Denver Public Schools will release a video recording of a closed-door meeting that board members held in March in response to a shooting inside East High School after the district’s board voted Friday morning to make it public.
The board’s 7-0 vote came four weeks after a Denver District Court ruled the five-hour executive session on March 23 violated Colorado law. The Denver Post and several other media organizations sued DPS, seeking a recording of that session.
Friday’s vote left unclear when the school district would release the video. DPS general counsel Aaron Thompson told the board that staff members would have to work through technical challenges because of the recording’s length and size, and he wasn’t sure if posting it on the district’s website — rather than requiring people to request a USB drive — would be feasible.
“I’ll just reiterate that it’s critical that we make this as publicly available as possible — and not just to the plaintiffs in the case,” board Director Scott Esserman said before the vote during a brief special board meeting that was held virtually.
The board’s motion directed DPS staff to release the recording except for any portions that deal with information regarding specific students.
The executive session at issue was prompted by a shooting the day before in which an East student injured two administrators. The body of the student, Austin Lyle, 17, later was found after he killed himself in Park County, about 50 miles southwest of Denver.
During the closed session, the board discussed security arrangements, including the return of school resource officers to many DPS campuses. Members then emerged into a public session to approve, without public debate, a prepared memo that temporarily suspended a 2020 policy banning armed police officers in schools. The board later voted to fully reverse that policy, allowing school resource officers to return permanently to campuses.
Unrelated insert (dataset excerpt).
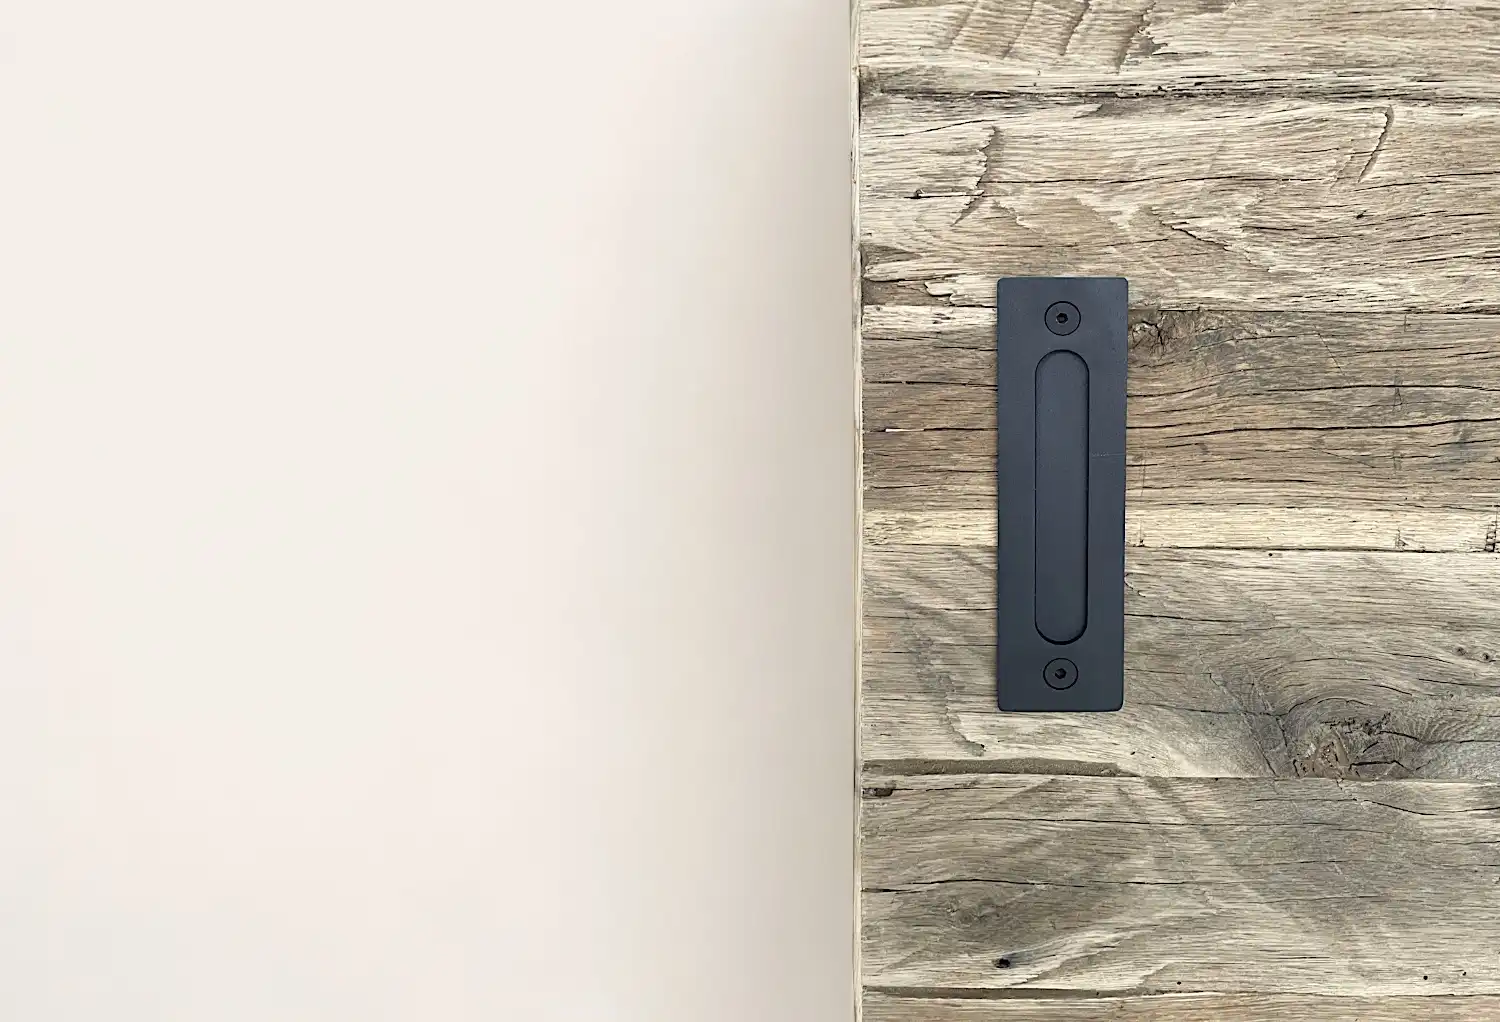 Une poignée de porte noire moderne est montée sur une surface en bois vieilli au grain texturé, adjacente à un mur blanc uni.
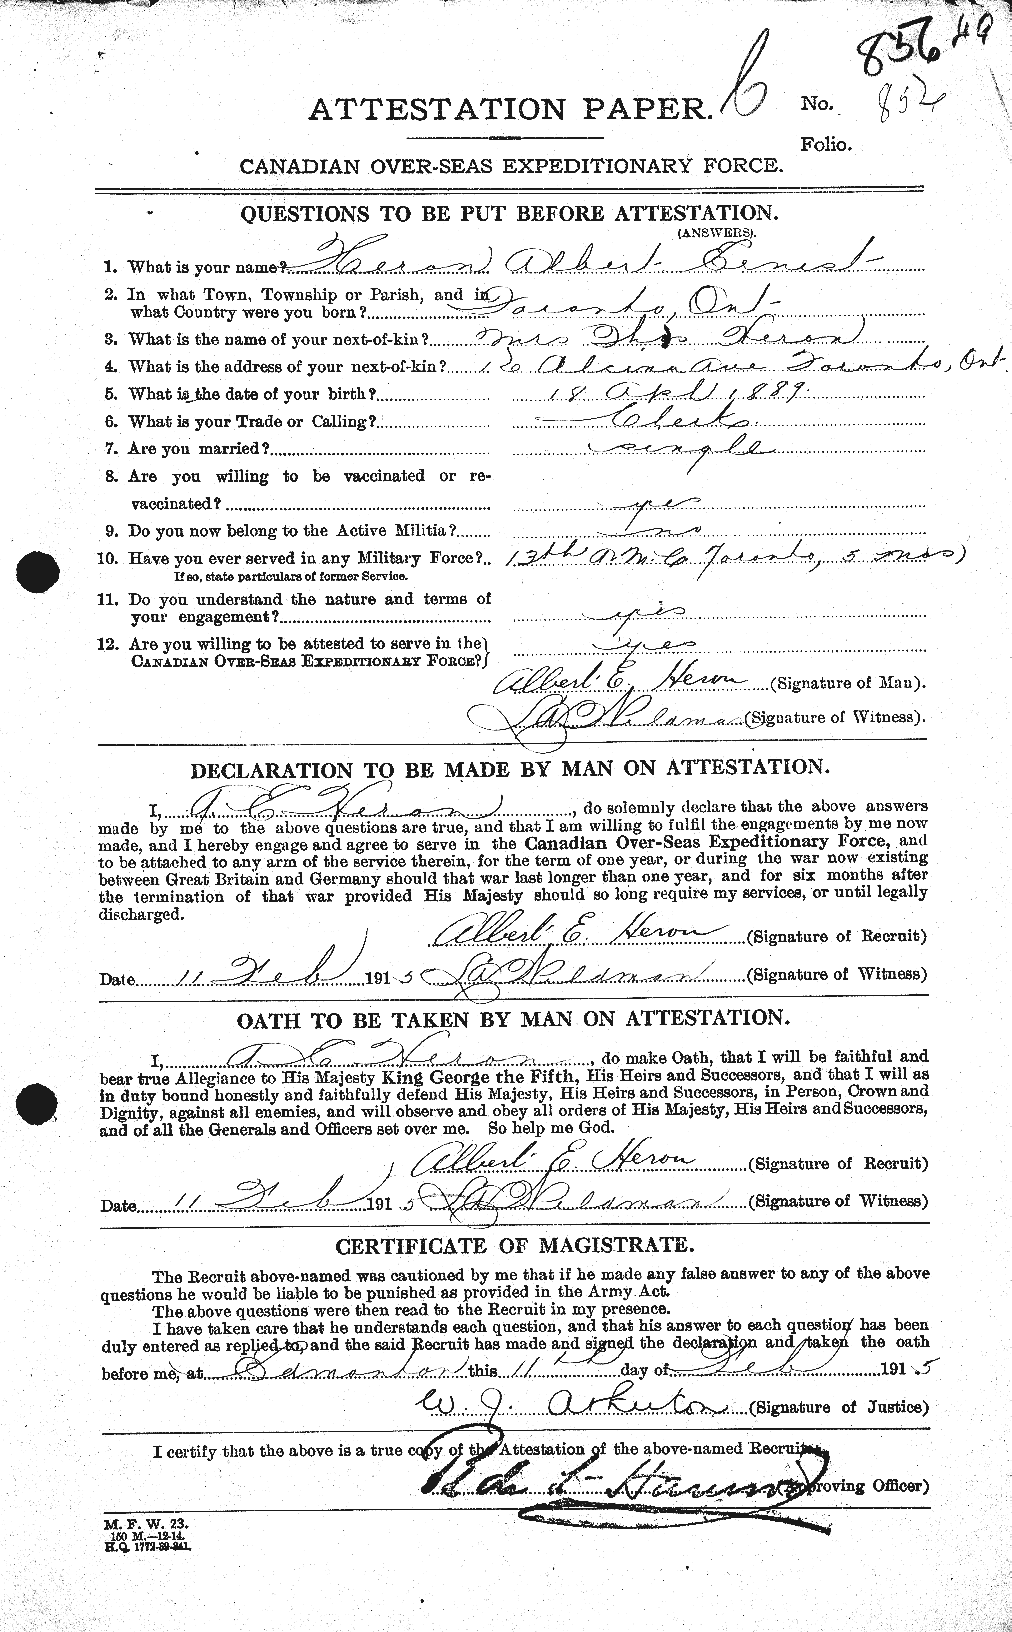 Dossiers du Personnel de la Première Guerre mondiale - CEC 388435a

DPS has appealed the Denver court’s June 23 ruling that ordered DPS to release an unredacted recording of the executive session. Thompson reiterated Friday to the board that because the Colorado Court of Appeals has issued a stay in the case, his view was that the district was “under no obligation” to release the video.
Colorado law allows public bodies to conduct business outside public view only in specific circumstances. Denver District Judge Andrew Luxen ruled that DPS’ executive session violated the Colorado Open Meetings Law because it doesn’t allow the creation of public policy in secret, and proper notice wasn’t given by DPS beforehand for the topics discussed.
Besides The Post, the news organizations involved in the lawsuit are Chalkbeat Colorado, Colorado Newsline, KDVR Fox 31, KUSA 9News and the Denver Gazette/Colorado Politics.
This is a developing story that will be updated.